If it becomes a reasonably priced aftermarket optionbto retrofit a needle valve to any e61 machine that does somewhat reduce the USP of the Bianca.

Interesting times!


----------



## DavecUK (Aug 6, 2013)

Bainbridge said:


> @DavecUK
> 
> Is that the paddle lifted from the Bianca then?
> 
> ...


 It only reduces the USP of the Bianca if you didn't read my Bianca review carefully enough....the Bianca is more than just about the paddle. *There is a write up available on my review site* and I am adding videos as I finish editing them and updating the review on an ongoing basis with different types of machine. In the interest of fairness I will look at the Profitec system as well if they send me one....if they don't, well I don't care enough to buy one just for experiments.


----------



## DavecUK (Aug 6, 2013)

nicholasj said:


> .....and producing coffee I could never achieve before. A happy camper indeed.
> 
> View attachment 30890


 Nice to see the tupperware tray under the group, exactly what I have done for the last 20 years...keeps everything clean when rinsing etc..


----------



## nicholasj (Nov 11, 2013)

DavecUK said:


> Nice to see the tupperware tray under the group, exactly what I have done for the last 20 years...keeps everything clean when rinsing etc..


 Yes, always used this little Tuppaware, even with my Silvia before. And like you I put a few cut outs of non slip stuff to prevent scratching the stainless steel.


----------



## nicholasj (Nov 11, 2013)

DavecUK said:


> Mine at the moment, slightly upgraded.


 Very nice....easy to fit onto the pres


----------



## nicholasj (Nov 11, 2013)

@DaveC

very nice upgrade with the wood. Easy to fit onto the pressure valves?

are they available?

cheers


----------



## Junglebert (Jan 7, 2019)

nicholasj said:


> .....and producing coffee I could never achieve before. A happy camper indeed.
> 
> View attachment 30890


 Everyone else is too polite, or not observant enough. Nespresso pods?


----------



## nicholasj (Nov 11, 2013)

@Junglebert

Yes, well spotted. For emergencies only.....or the wife!?


----------



## DavecUK (Aug 6, 2013)

nicholasj said:


> @DaveC
> 
> very nice upgrade with the wood. Easy to fit onto the pressure valves?
> 
> ...


 They are a tight fit on the shafts, but that means they don't wobble about....the centre caps are chromed plastic, so look OK (well good enough for me), but there might be a brass chromed centre cap option that costs more and a no cap option, but then you want a nice chrome domed fixing bolt and I am not sure how great it would look. The wood is walnut and matches the Lelit paddle quite well.
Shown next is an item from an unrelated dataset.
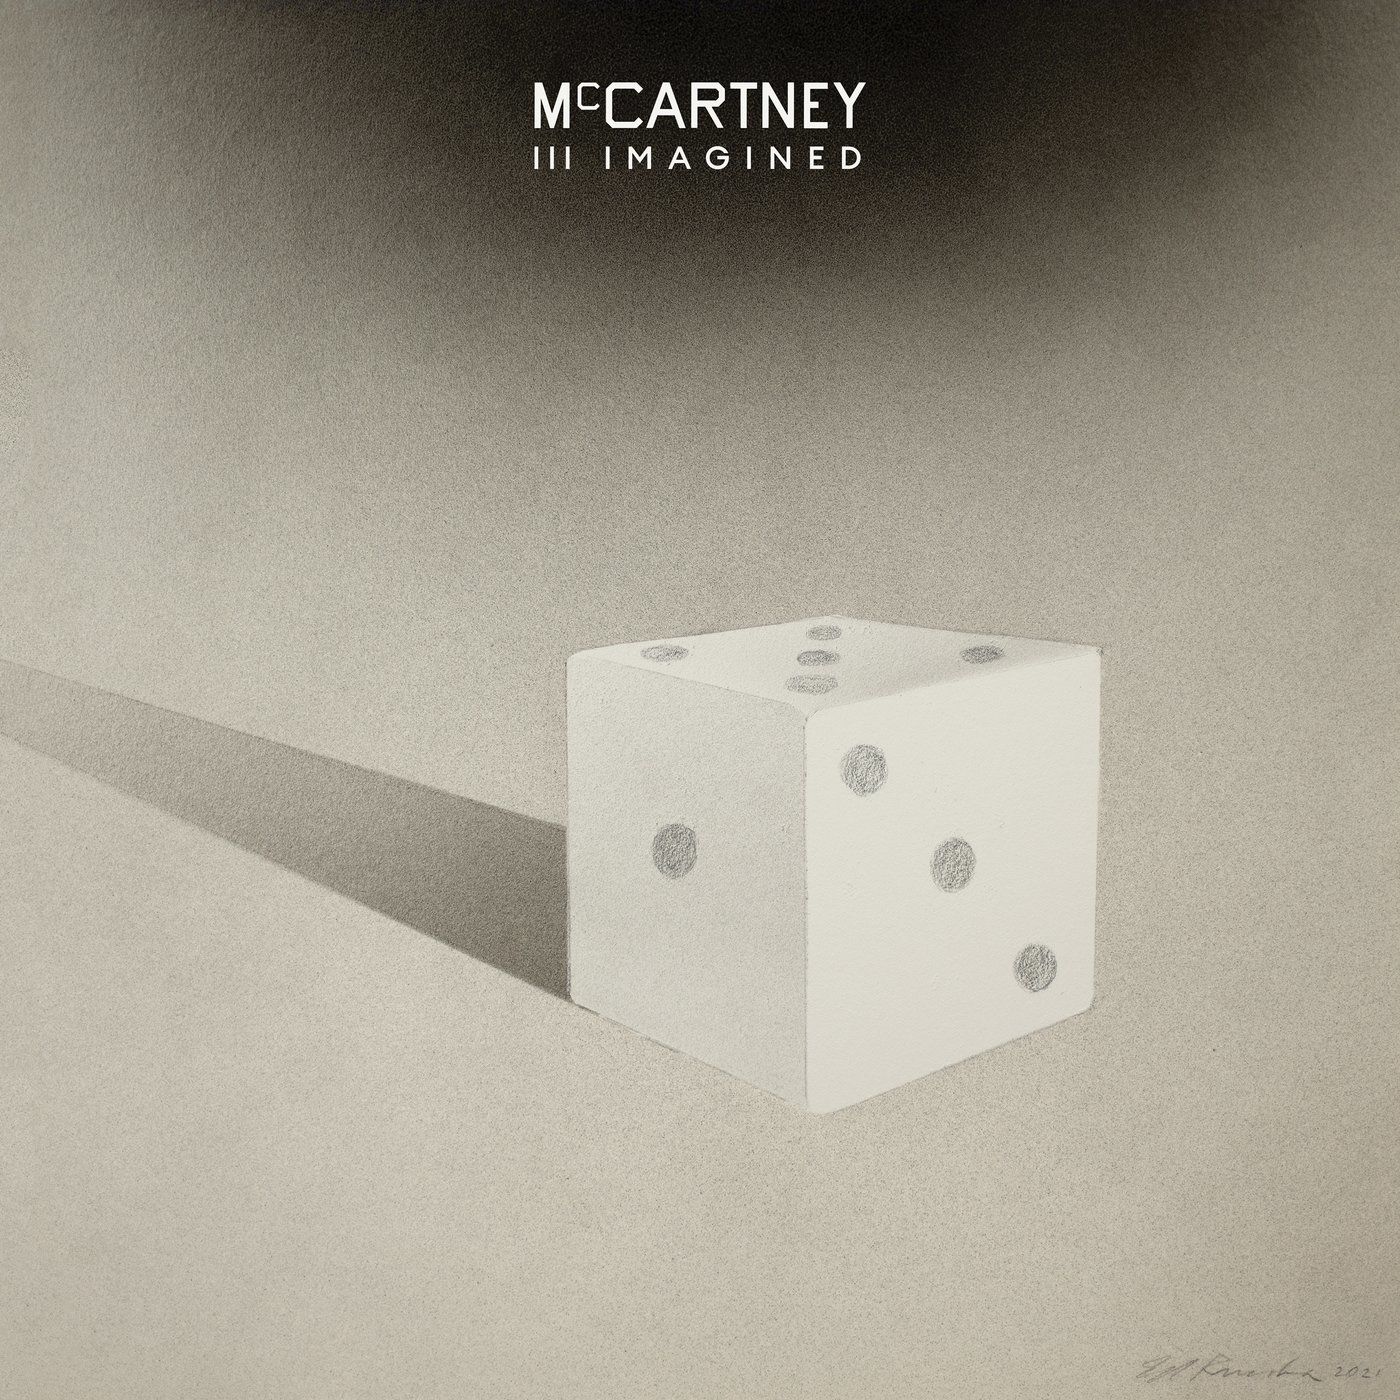 Paul McCartney--McCartney III Imagined-WEB-2021-OMA
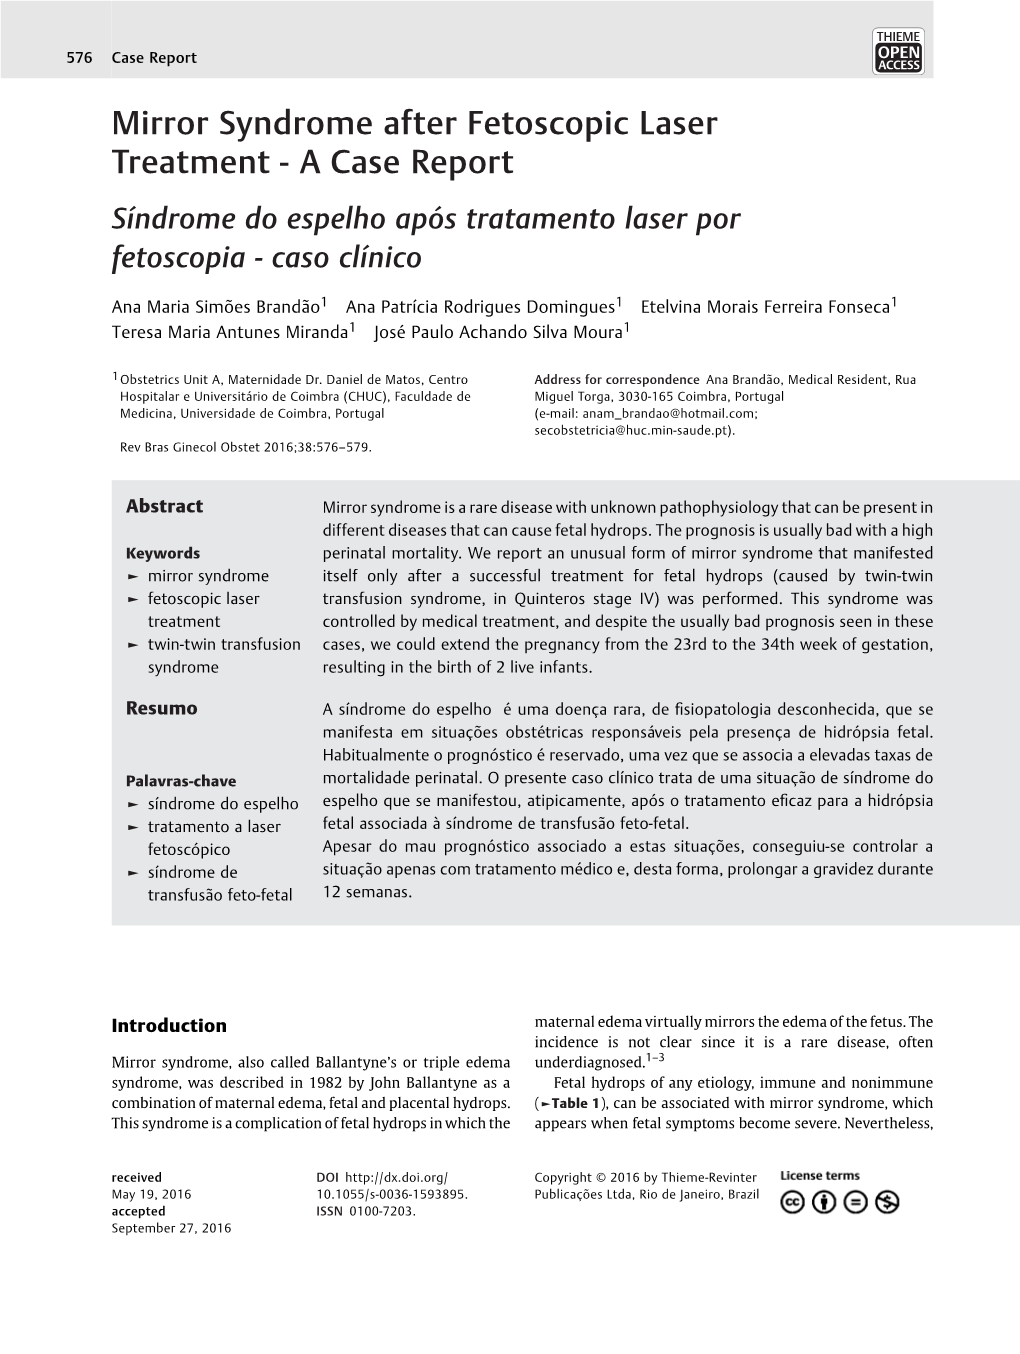 Mirror Syndrome After Fetoscopic Laser Treatment - a Case Report Síndrome Do Espelho Após Tratamento Laser Por Fetoscopia-Casoclínico

I have had the kit almost 1 year, never got around to fitting it. The factory were thinking of offering it as an option or as an accessory....the problem is it is not cheap....I would estimate it could add as much as £75 or more for 2 walnut handles and 2 walnut knobs. My view was that people are quite finicky about customisation wanting burl fantasy wood ripped from a magic roundabout unicorns arse and that any standard option wouldn't be popular....I like it, but then I am more easily pleased than some.


----------